- [Aim of the exercise]
Write out the entire listing below exactly, with the pictures left out.

=== Supplied information ===

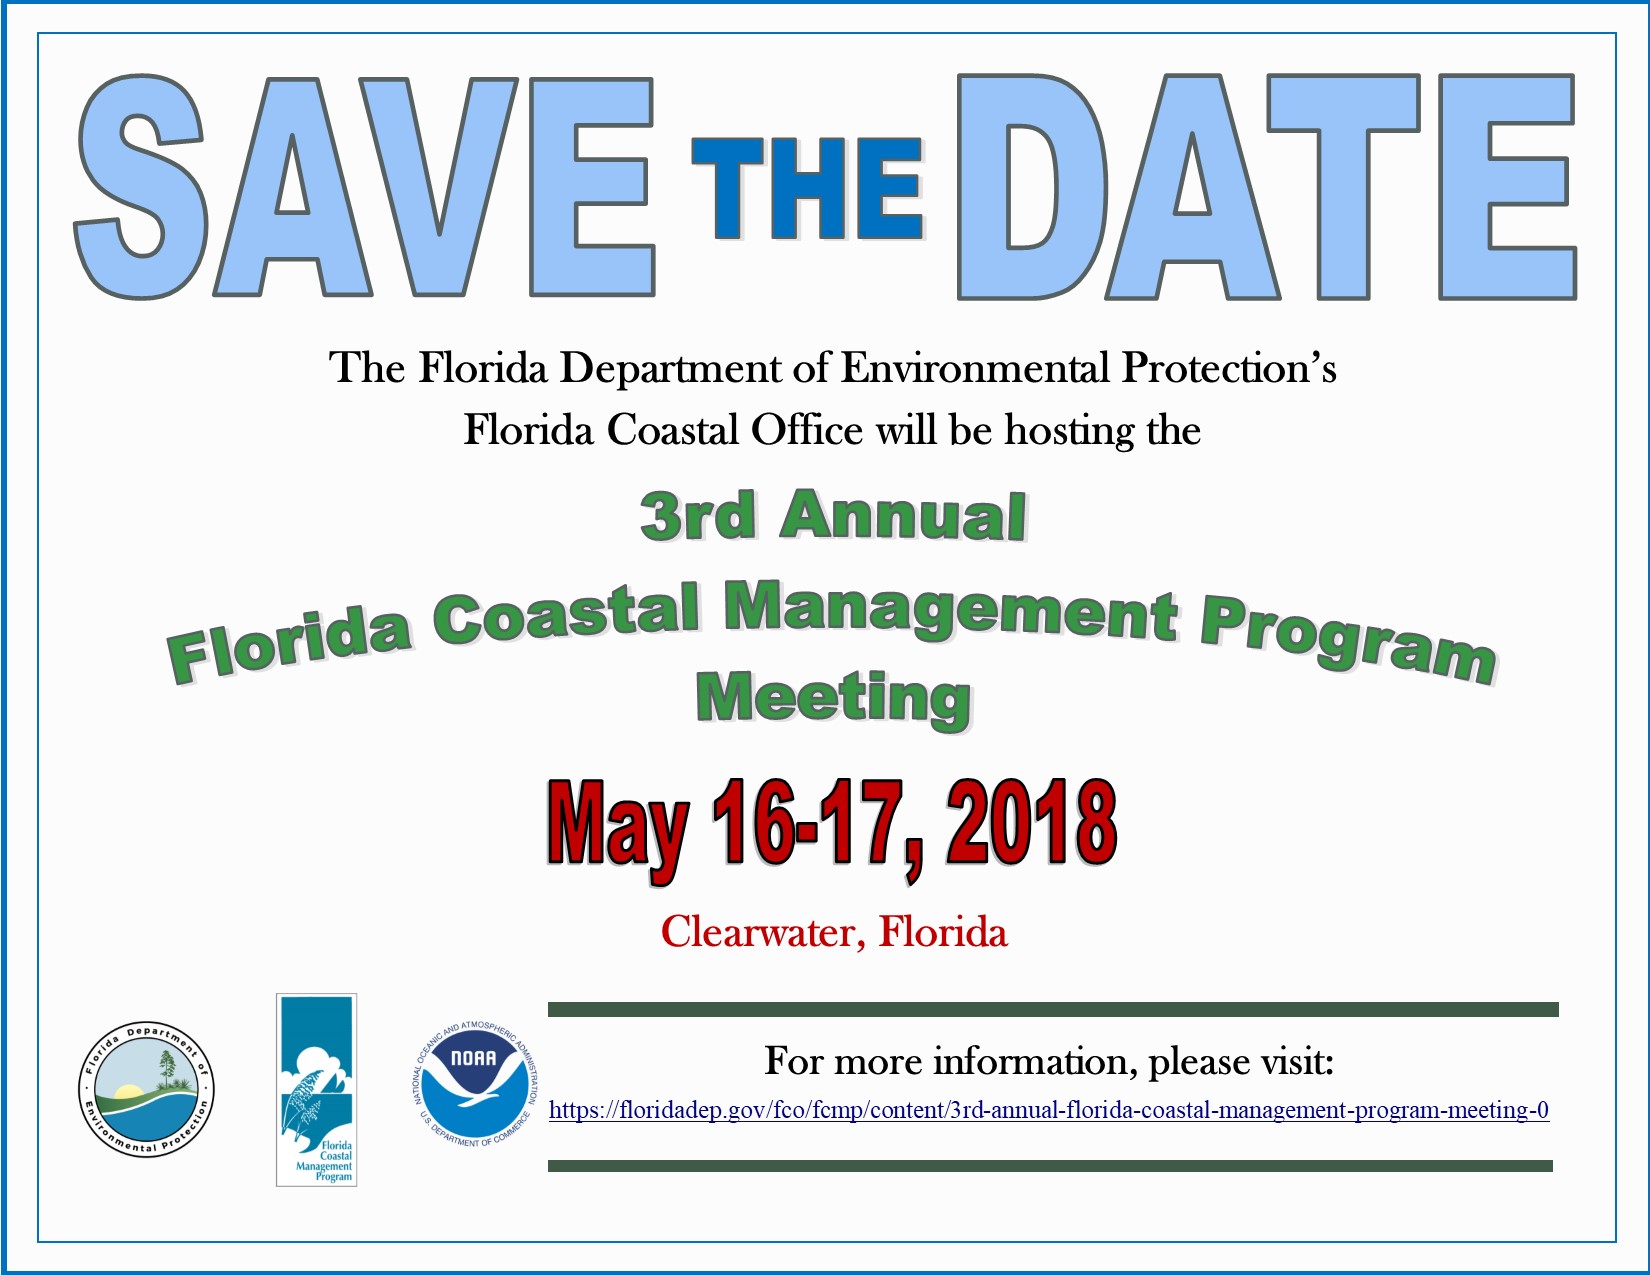 A Save the Date graphic announcing the 3rd Annual, Florida Coastal Management Program meeting hosted May 16 through May 17, 2018 in Clearwater Florida.
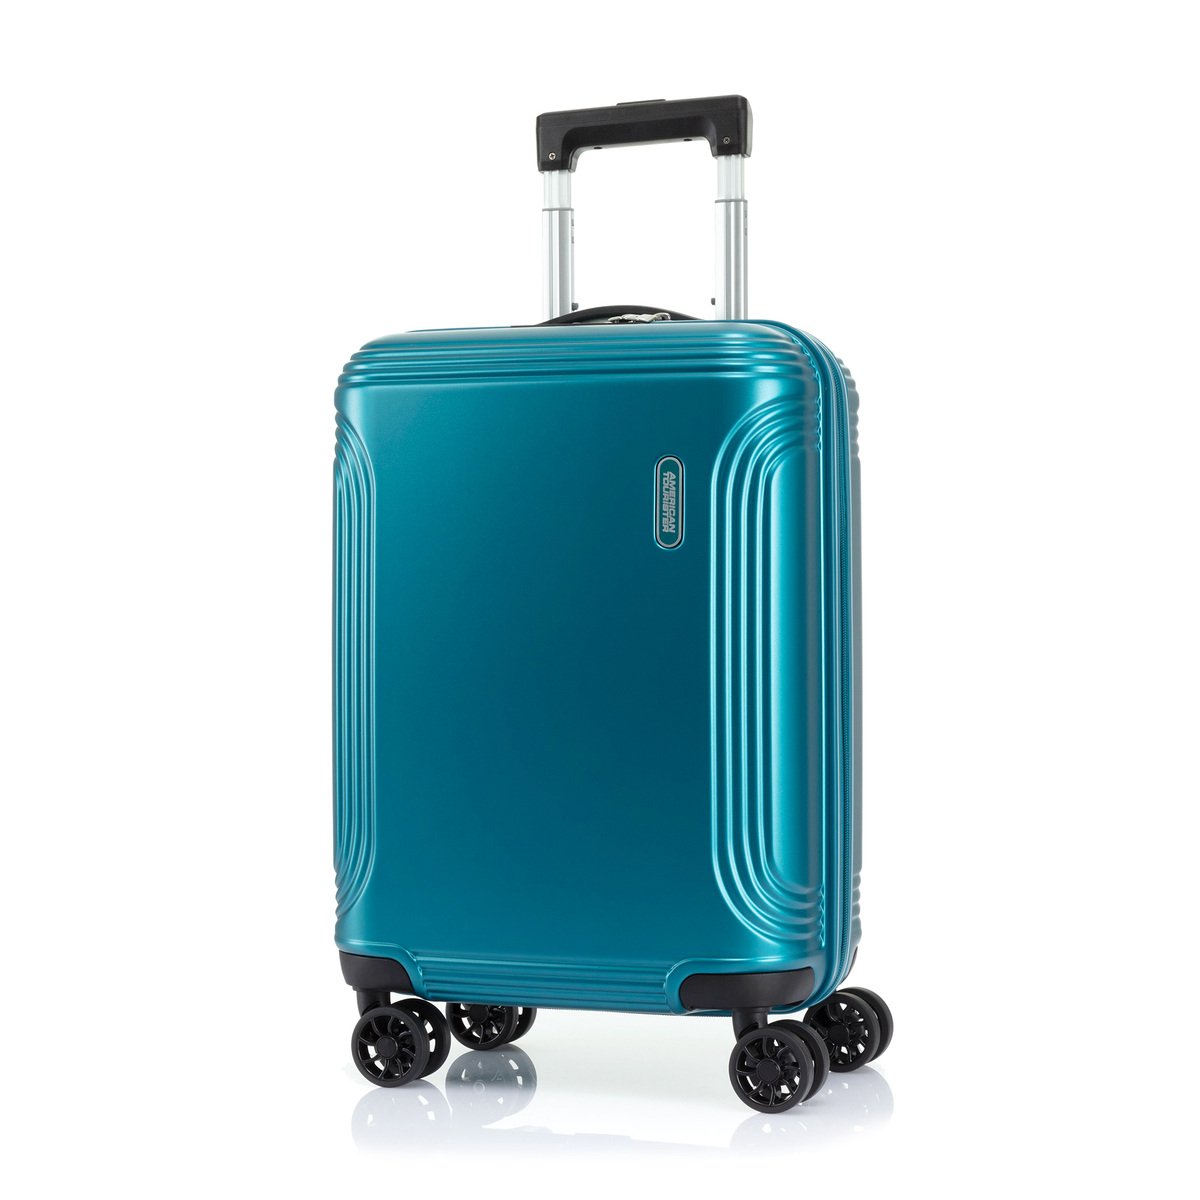 American Tourister Hypebeat Hard Trolley 79cm Teal
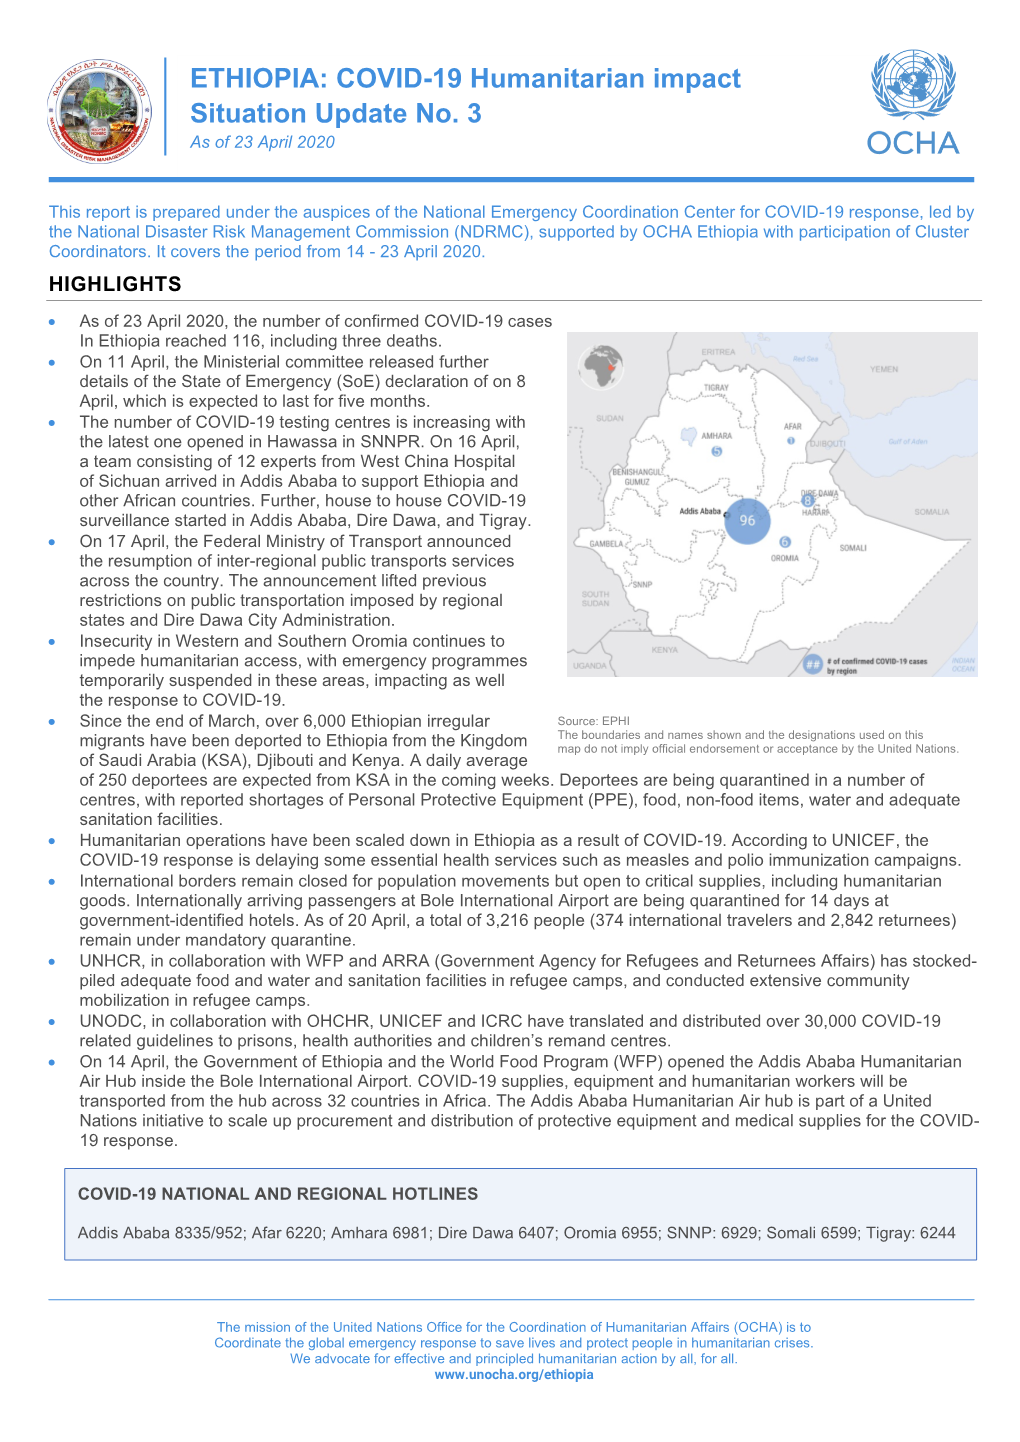 ETHIOPIA: COVID-19 Humanitarian Impact Situation Update No. 3 As of 23 April 2020

===

- [The completed task]
 A Save the Date graphic announcing the 3rd Annual, Florida Coastal Management Program meeting hosted May 16 through May 17, 2018 in Clearwater Florida.
 American Tourister Hypebeat Hard Trolley 79cm Teal
 ETHIOPIA: COVID-19 Humanitarian Impact Situation Update No. 3 As of 23 April 2020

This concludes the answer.